Cabin字段缺失数据1014条,缺失比例达77.5%,缺失比例过大,盲目填充可能会导致数据中的错误信息增加,本次分析将Cabin特征舍弃。接下来对Embarked、Fare、Age三个字段进行分别填充。
原始数据中Embarked字段仅有两处缺失,将缺失的数据提取出来,看看其其他特征:
#查看Embarked缺失的两列情况
data_all.loc[data_all.loc[:,'Embarked'].isnull(),:]
缺失的两条数据ID分别为62和830,两个乘客的票号,舱位等级、票价及船舱号都相同,由此分析应该是一同上船的。现在以票价(Fare)和舱位等级(Pclass)作为突破口,假设同一处上船的票价相同。
#62号乘客和830号乘客的票价Fare都是80, Pclass都是1,那么先假设票价、客舱和等级相同的乘客是在同一个登船港口登船。
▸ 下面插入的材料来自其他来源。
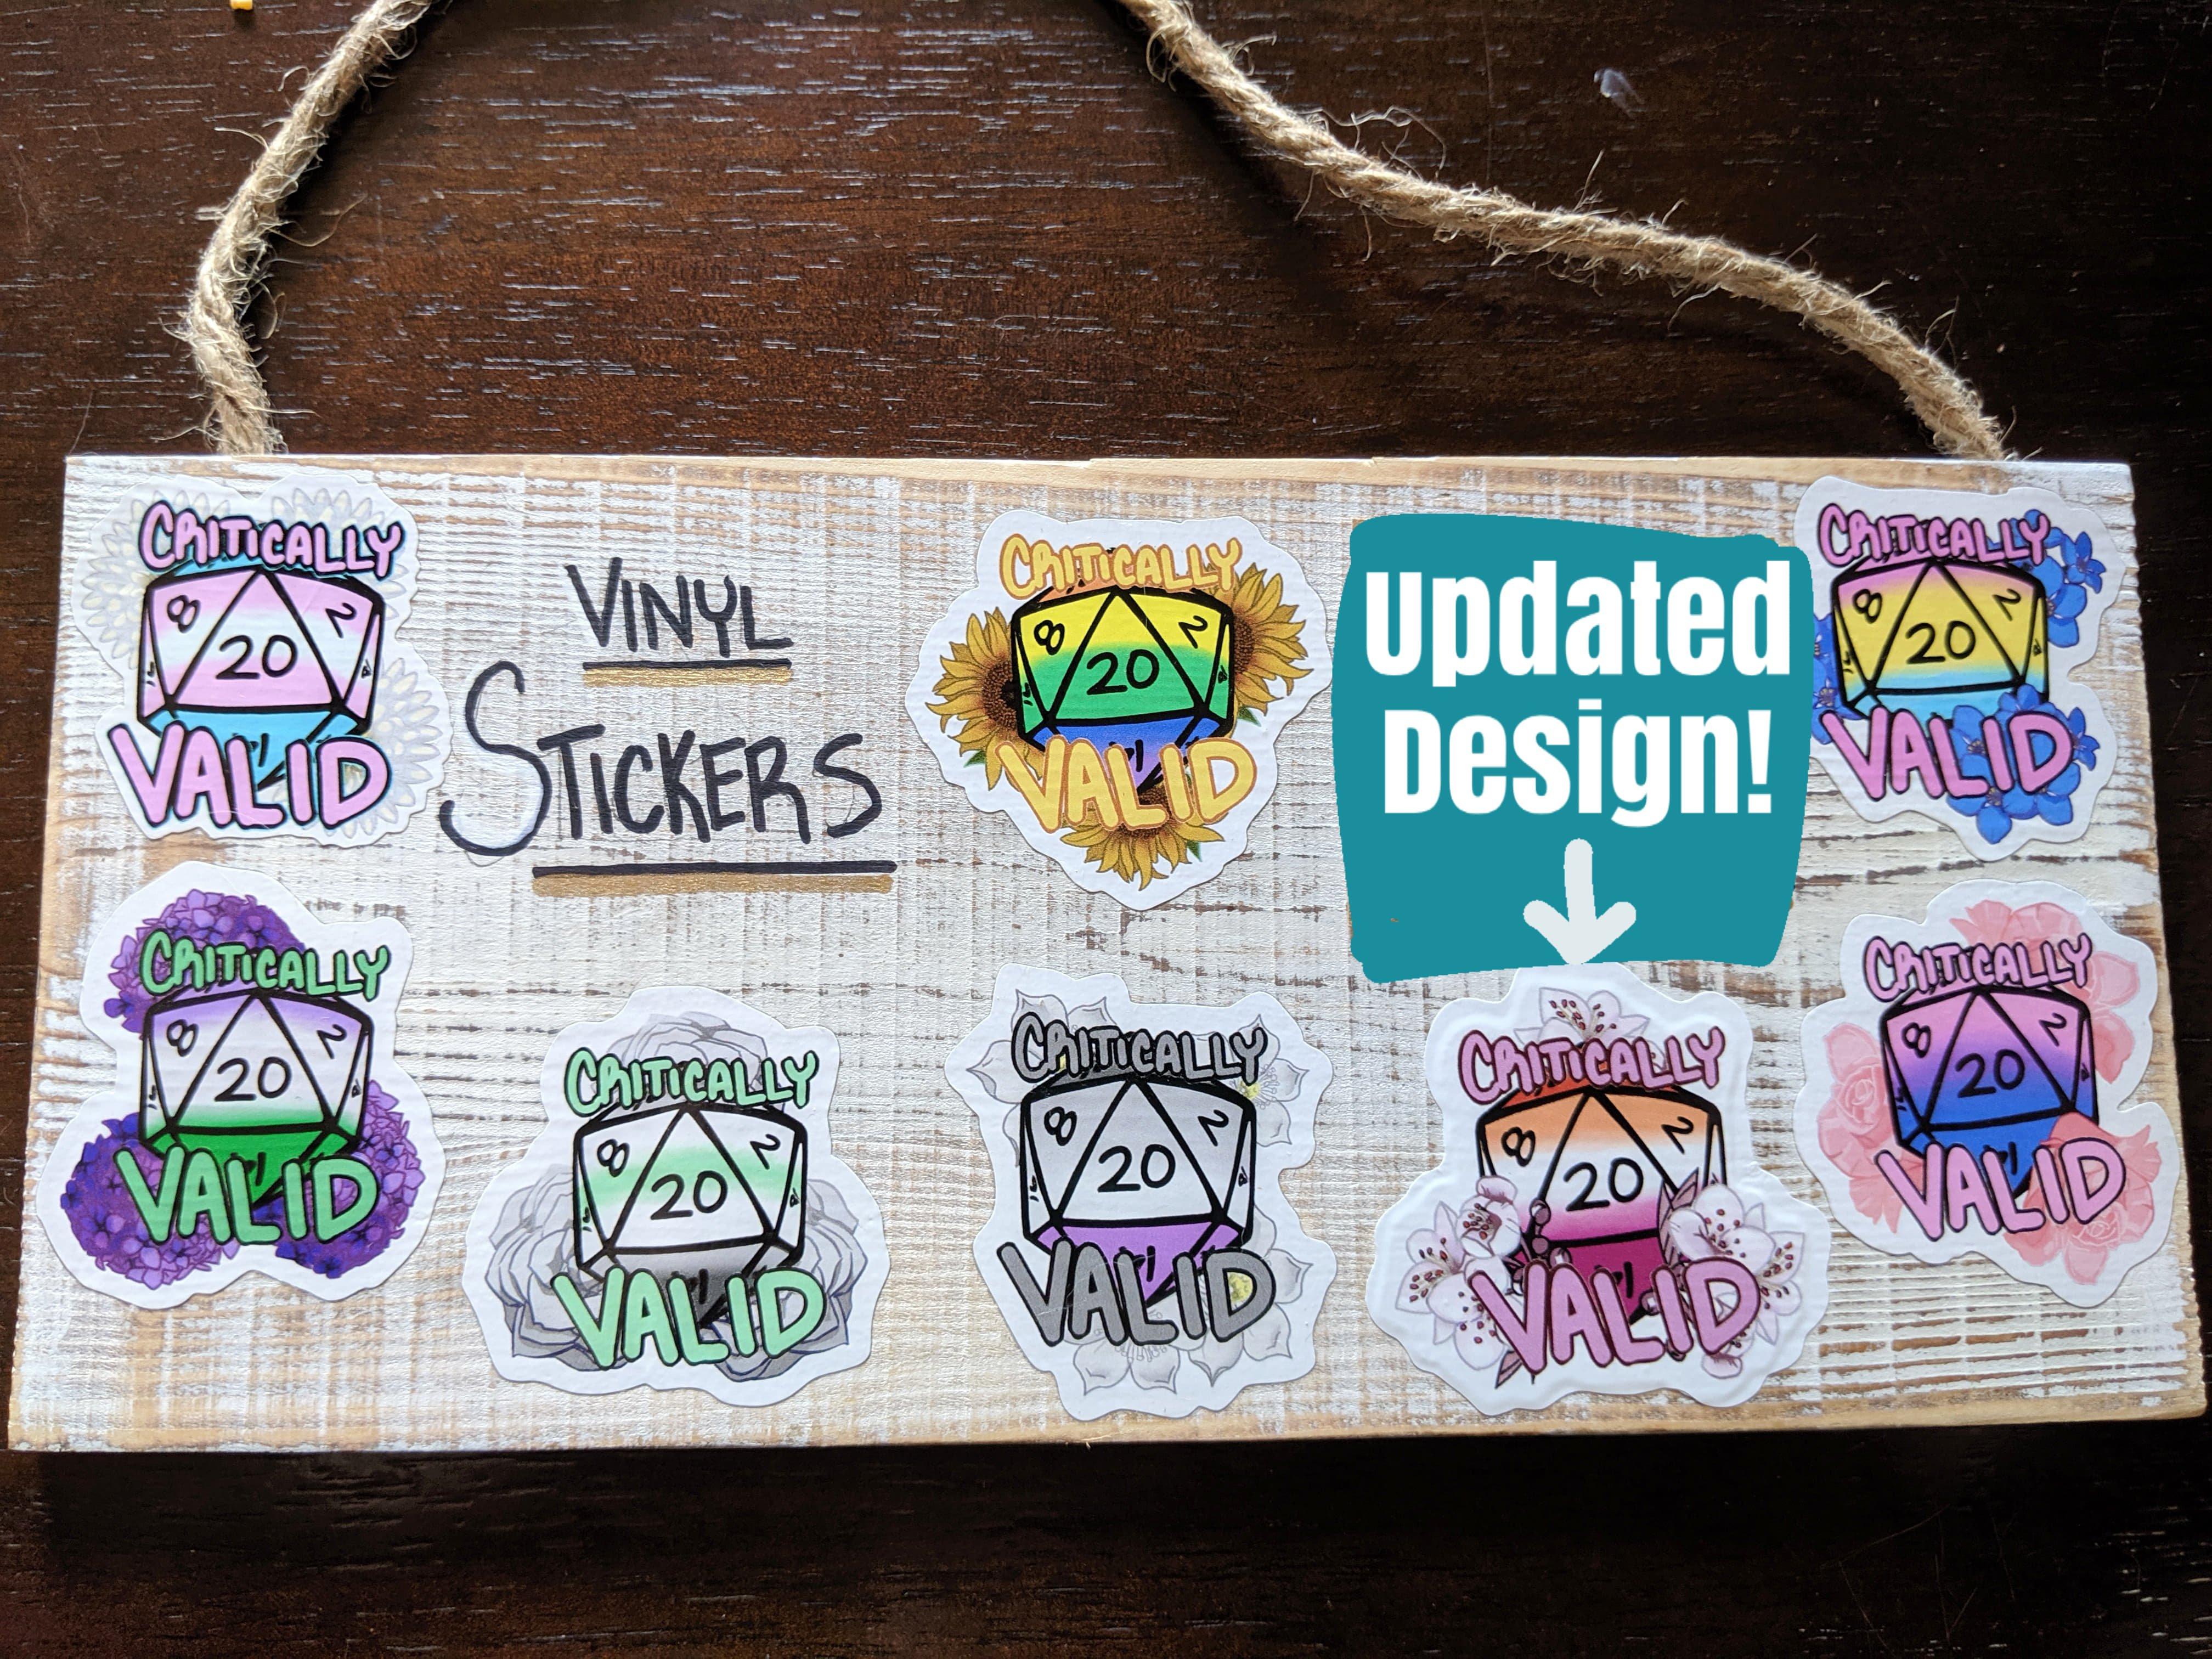 CloudKBD: Critically Valid vinyl stickers

data_all.groupby(['Embarked','Pclass'])['Fare'].median()
Embarked Pclass
C 1 76.7292
2 15.3146
3 7.8958
Q 1 90.0000
2 12.3500
3 7.7500
S 1 52.0000
2 15.3750
3 8.0500
Name: Fare, dtype: float64
从上述分析可以看出,从C(法国 瑟堡市Cherbourg)登船的乘客票价的中位数与80最为接近,因此将Embarked的缺失字段用C填补。
#Embarked为C且Pclass为1的乘客的Fare中位数为80。因此可以将缺失的Embarked值设置为“C”
data_all['Embarked'].fillna('C',inplace = True)
Fare字段共缺失一条数据,看看缺失数据其他特征的情况:
#Fare值的缺失位置和相关信息
data_all.loc[data_all['Fare'].isnull(),:]
与之前的思路相同,查看从S(英国南安普顿Southampton)上船的3等舱的票价中位数:
data_all.groupby(['Embarked','Pclass'])['Fare'].median()
Embarked Pclass
C 1 78.2667
2 15.3146
3 7.8958
Q 1 90.0000
2 12.3500
3 7.7500
S 1 52.0000
2 15.3750
3 8.0500
Name: Fare, dtype: float64
从S港登船的乘客,票价的中位数为8.05,用该值填充缺失值:
#S登船港口上船且Pclass为3的乘客费用Fare的中位数为8.05,因此Fare的空缺值补充为8.05。
data_all['Fare'].fillna(8.05,inplace = True)
先看一下未填充之前Age的分布情况:
#age原始数据的分布情况
data_all['Age'].hist(bins = 10,grid = False,density = True,figsize = (10,6))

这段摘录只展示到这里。